Top of DATA EXCERPT

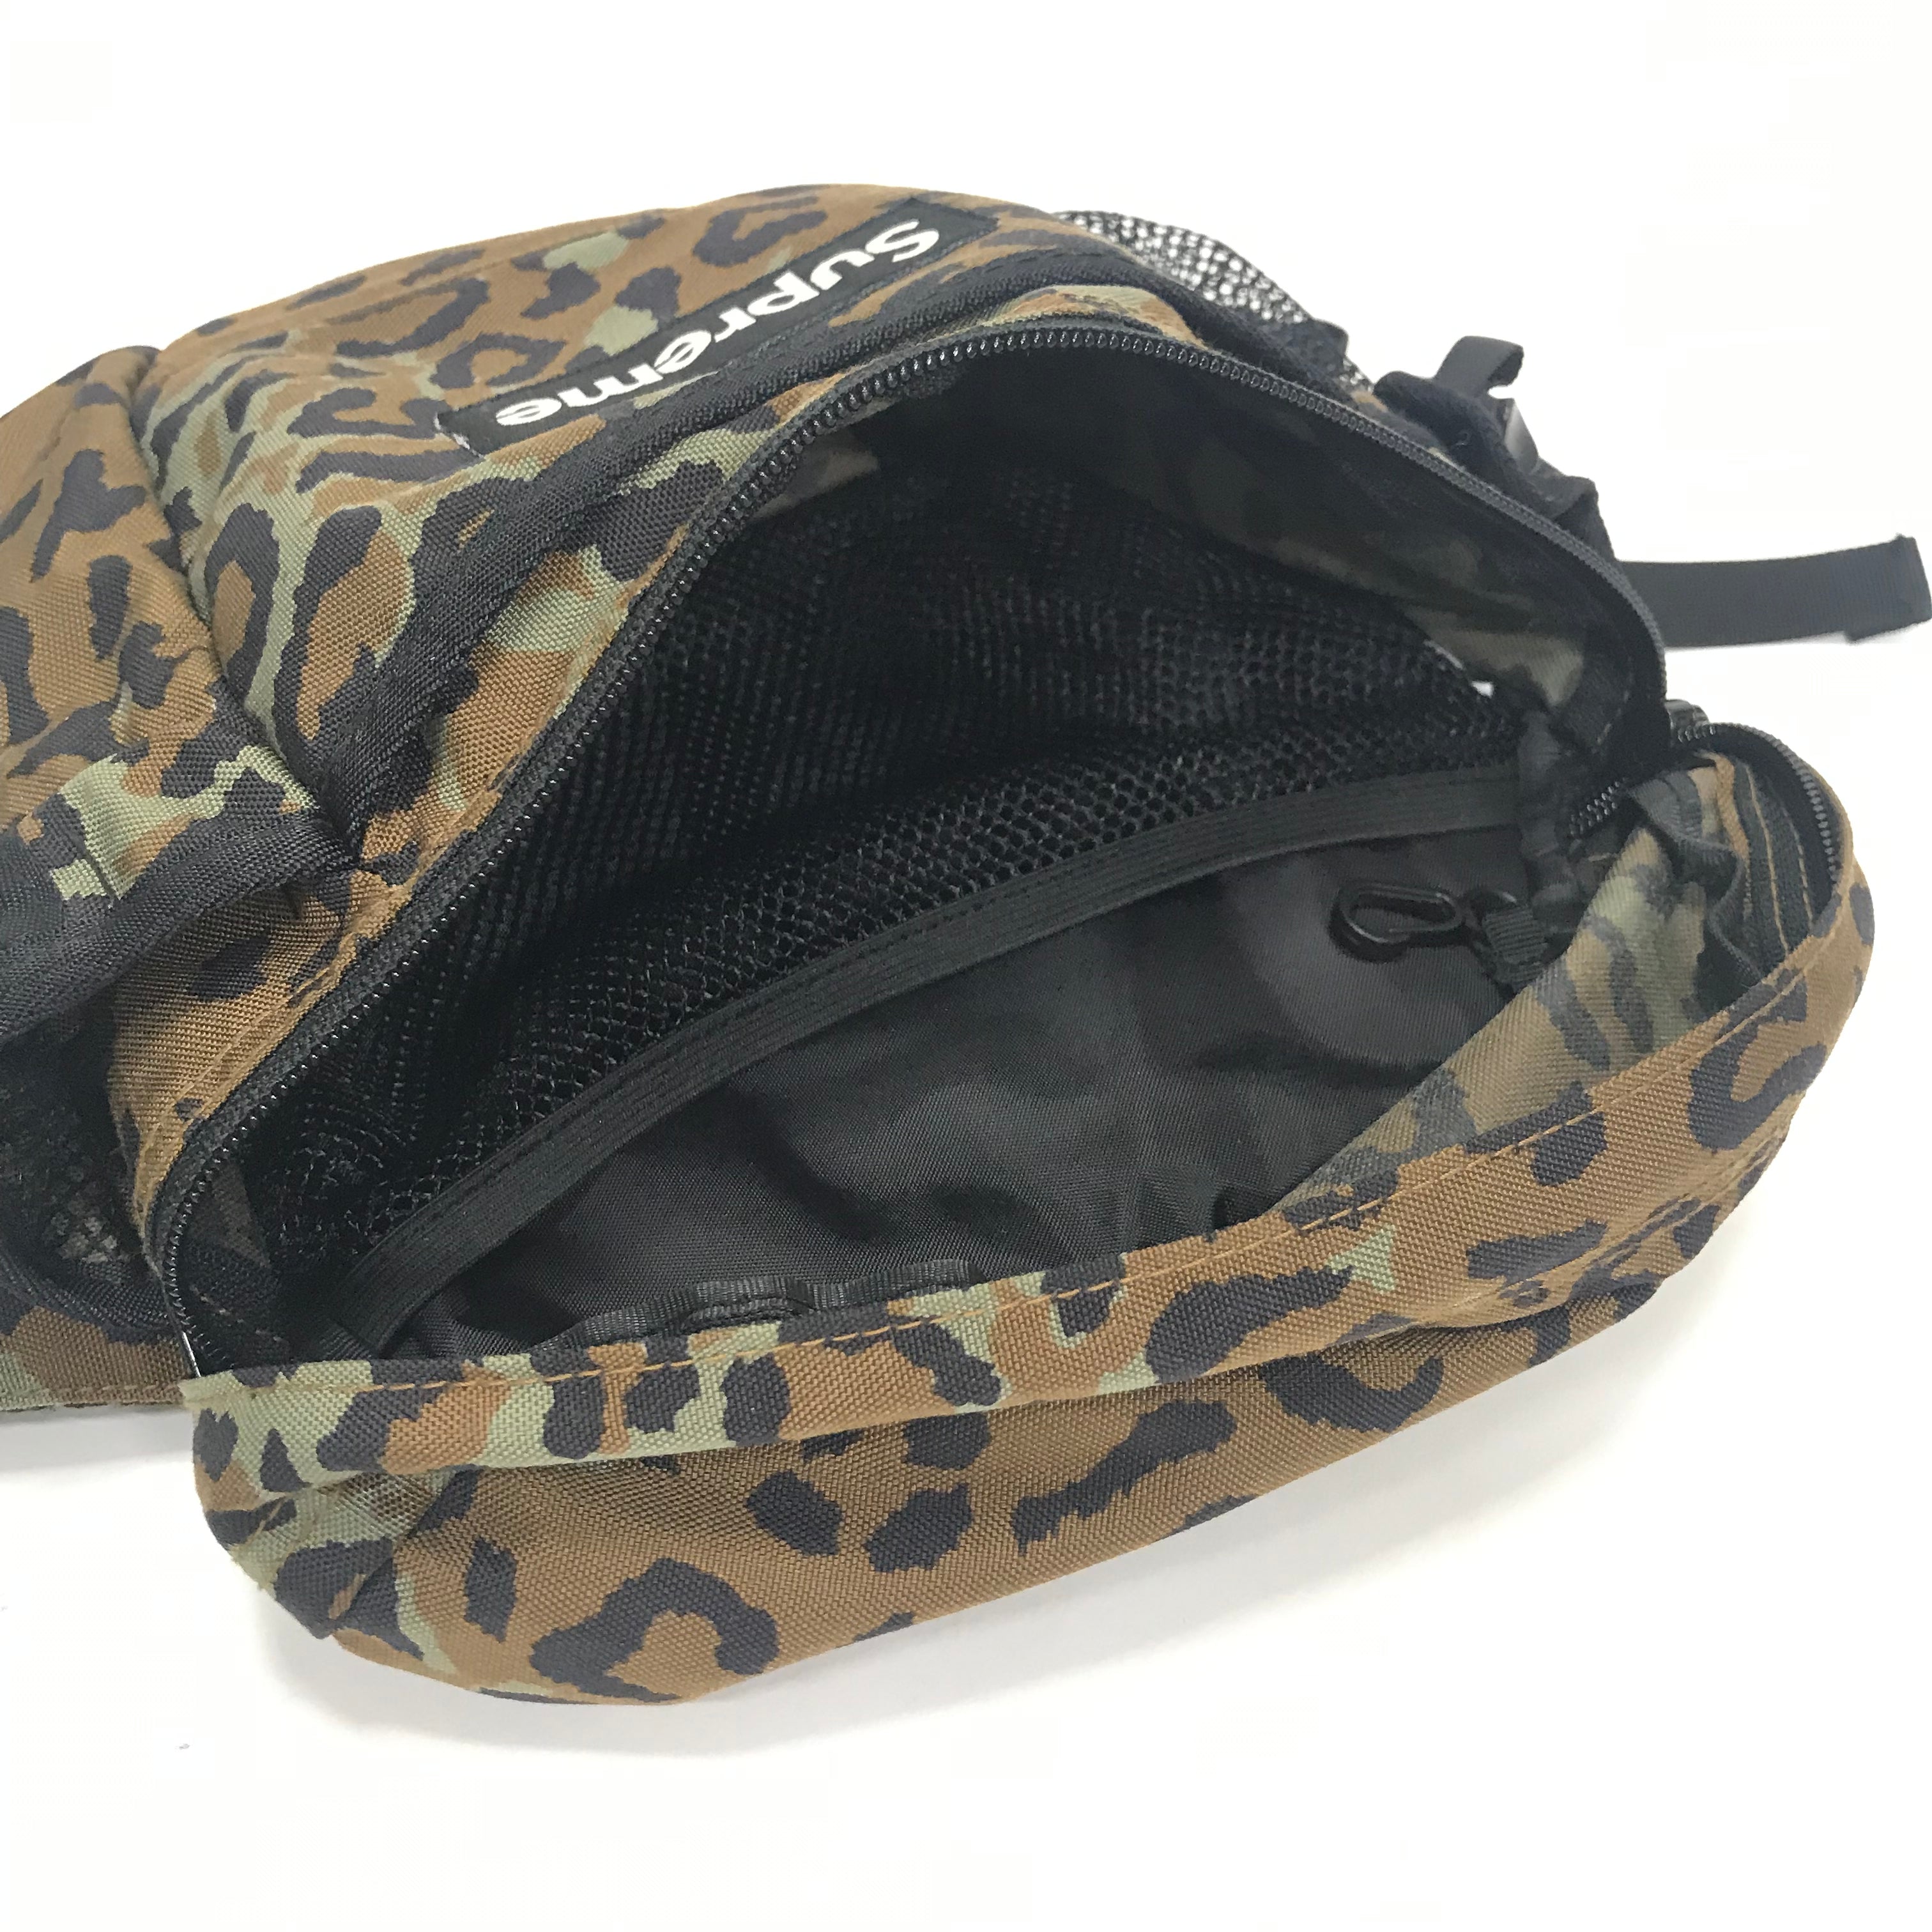 Supreme Leopard Camo Waist Bag –
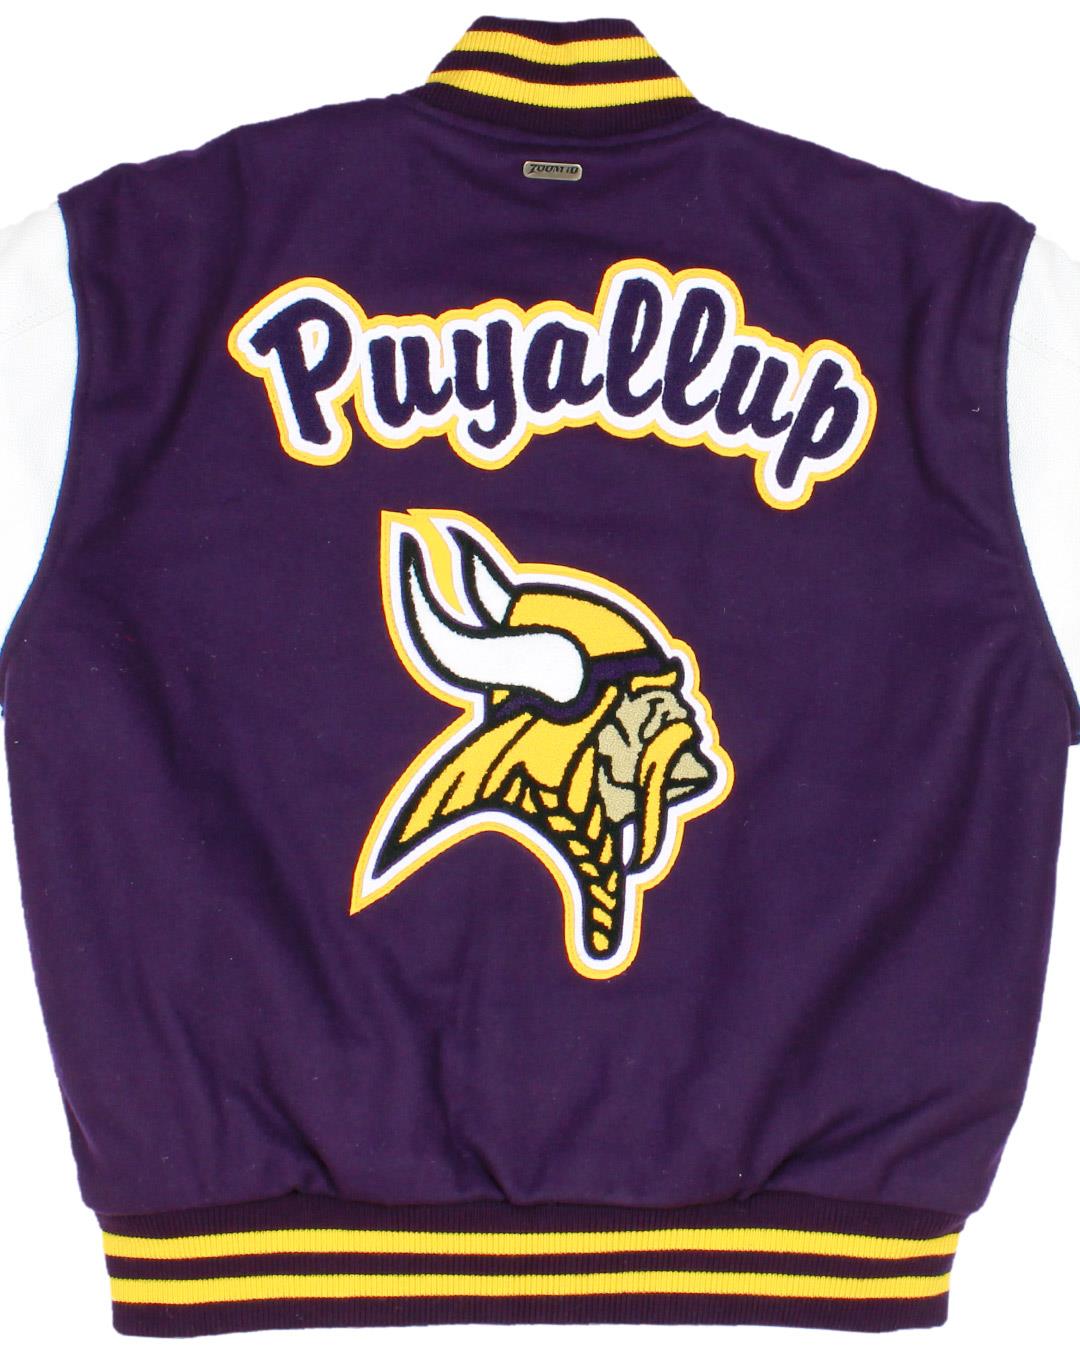 Puyallup High School Letterman Jacket, Puyallup, WA - Back
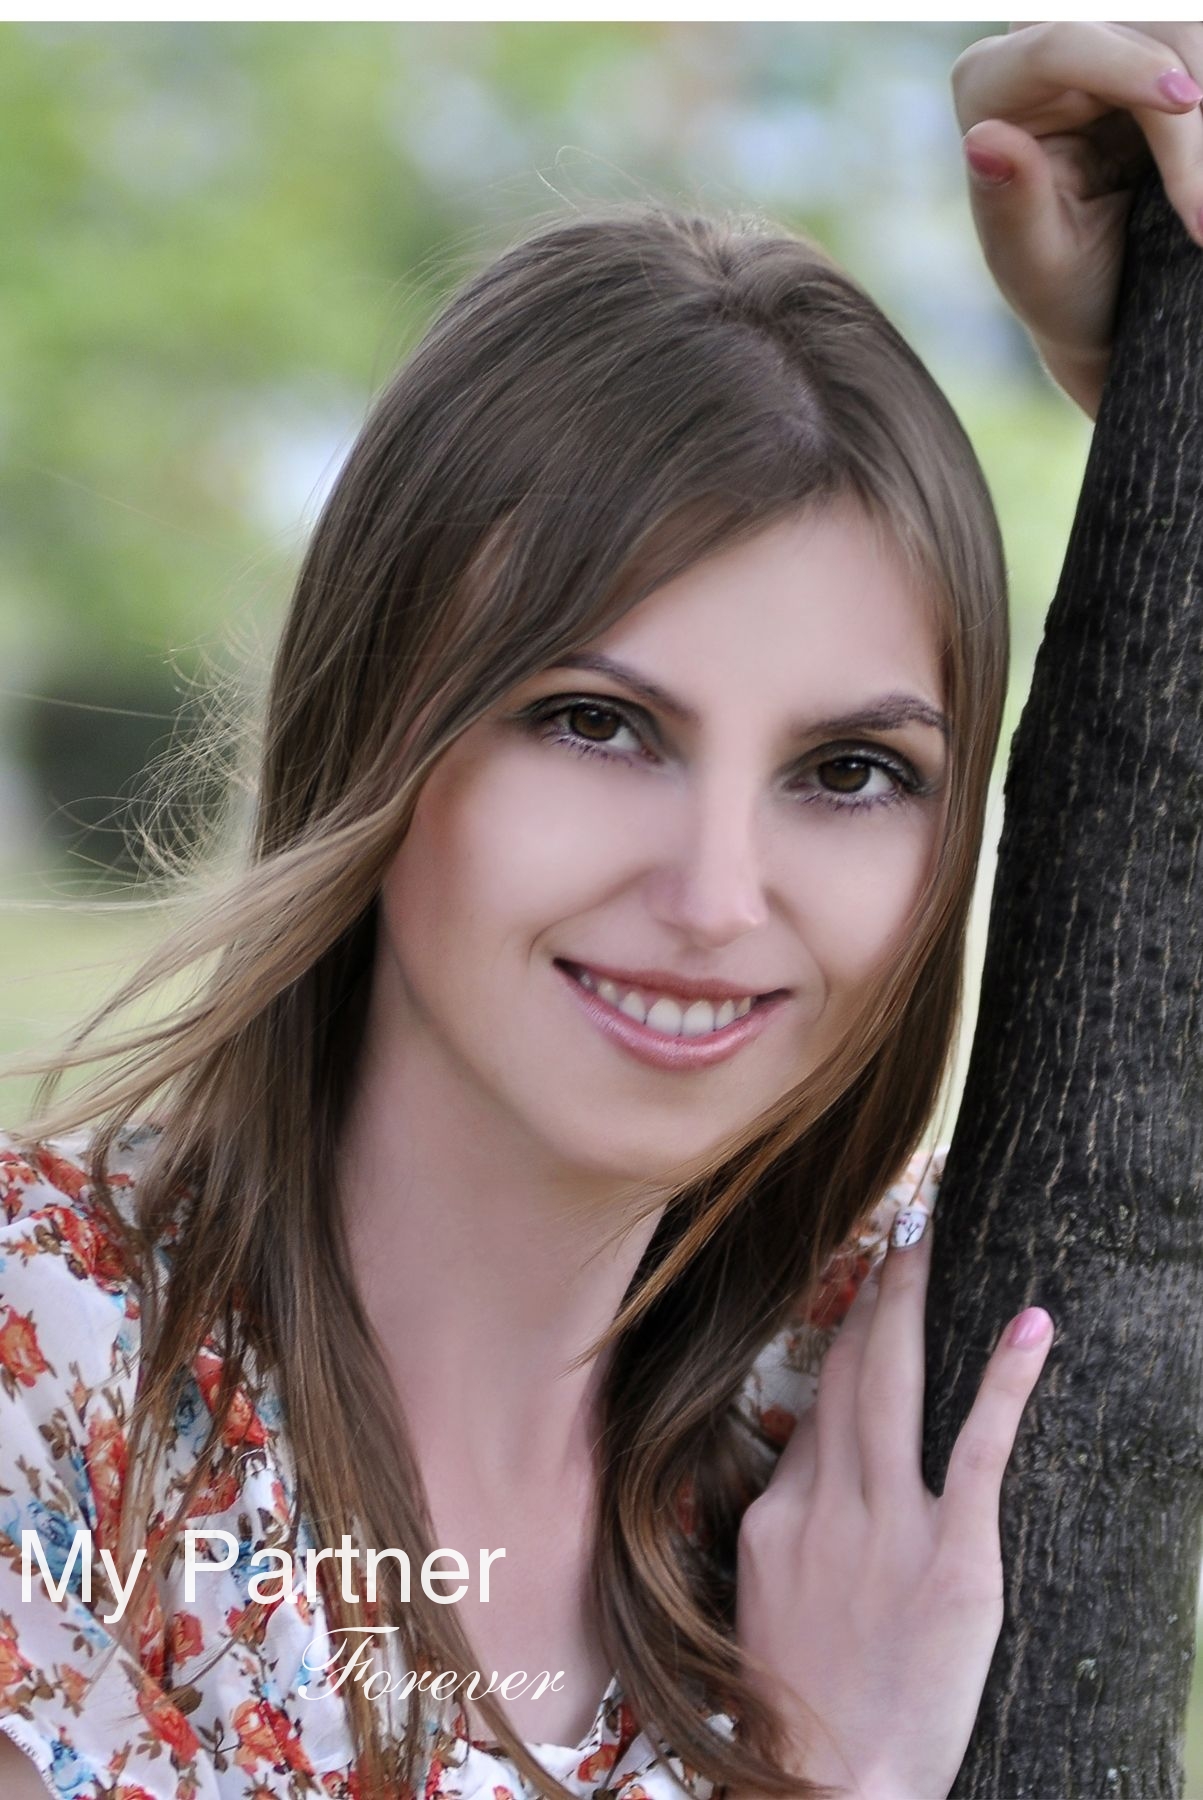 Dating Service to Meet Stunning Ukrainian Woman Olga from Kiev, Ukraine
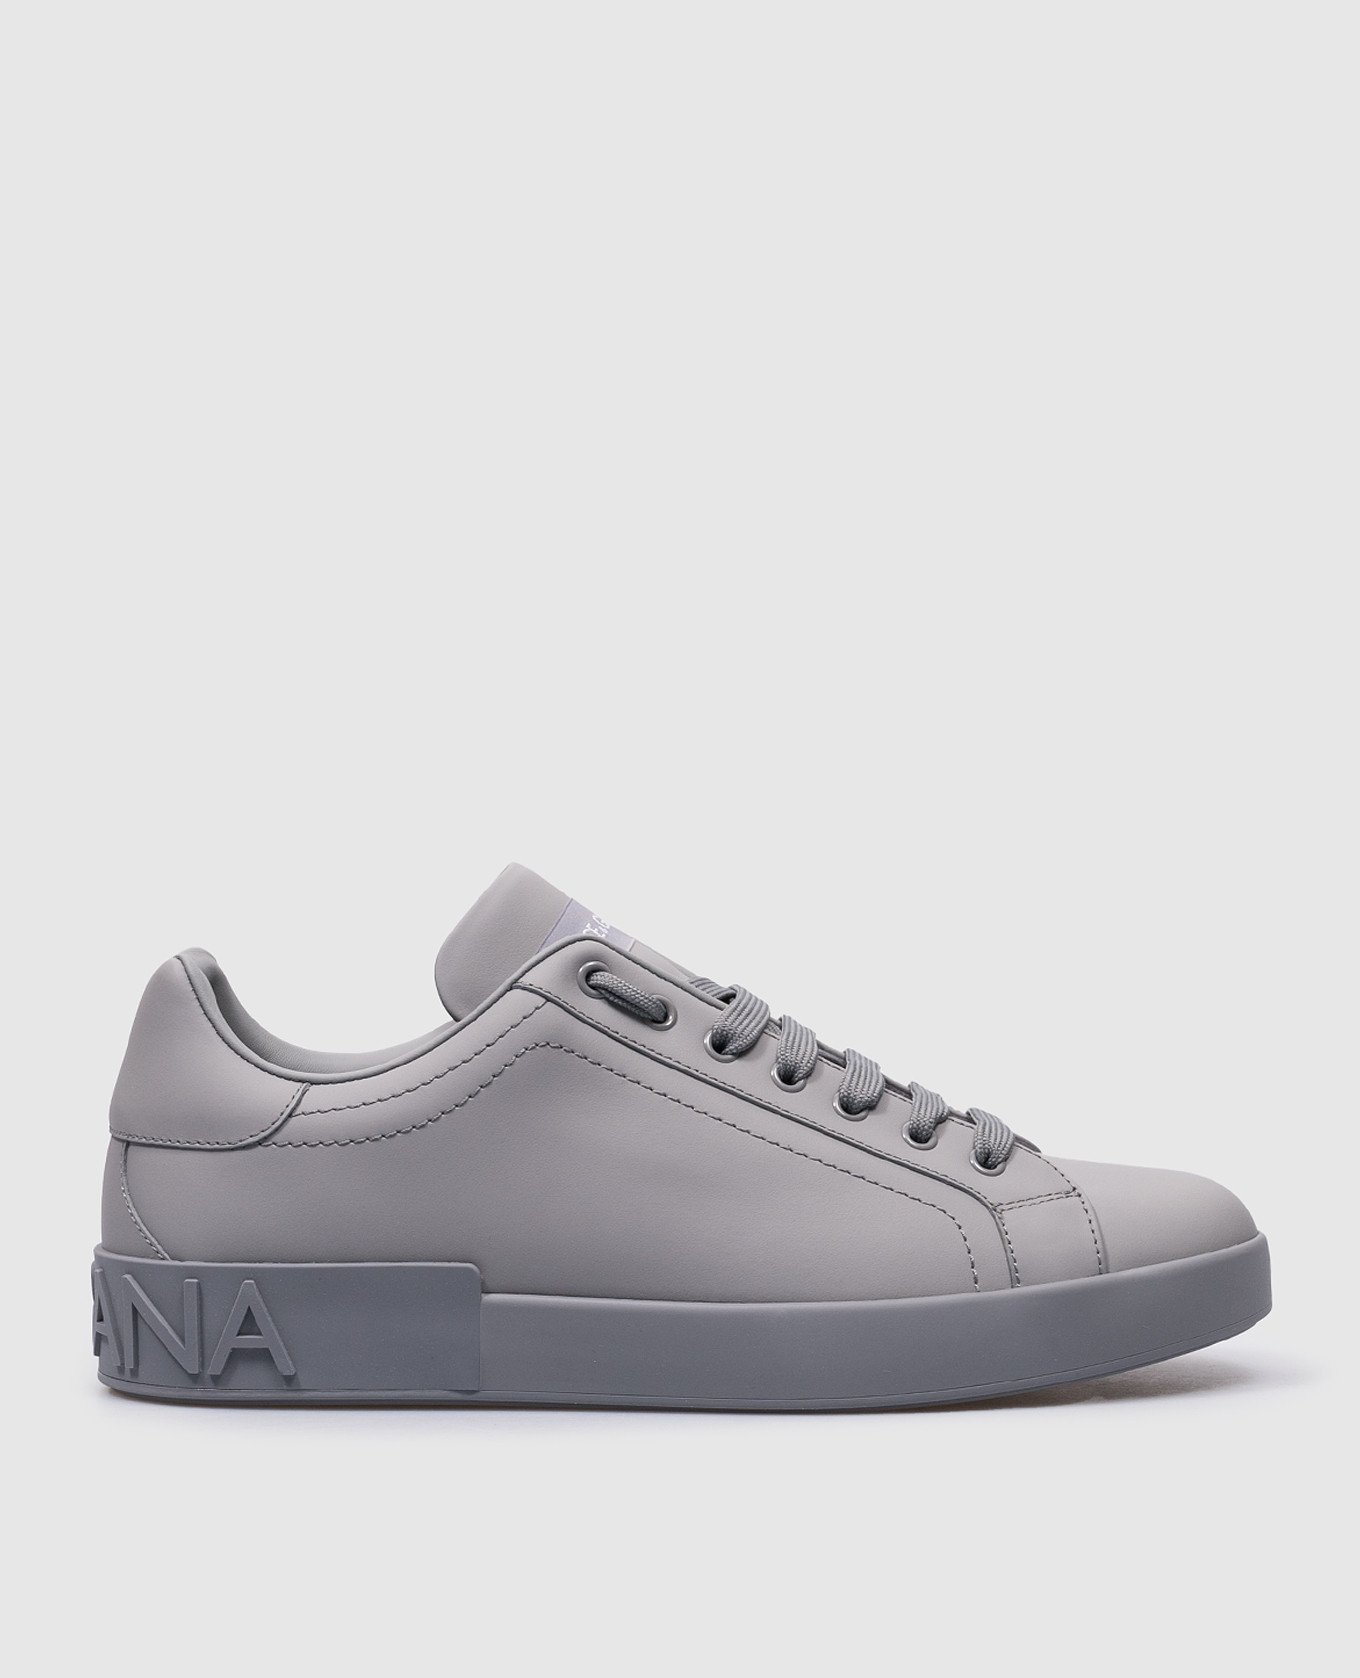 Portofino gray leather sneakers with logo

Bottom of DATA EXCERPT

**TO DO**
Please copy the data shown above word for word, omitting the pictures.

**THE ANSWER**
 Supreme Leopard Camo Waist Bag –
 Puyallup High School Letterman Jacket, Puyallup, WA - Back
 Dating Service to Meet Stunning Ukrainian Woman Olga from Kiev, Ukraine
 Portofino gray leather sneakers with logo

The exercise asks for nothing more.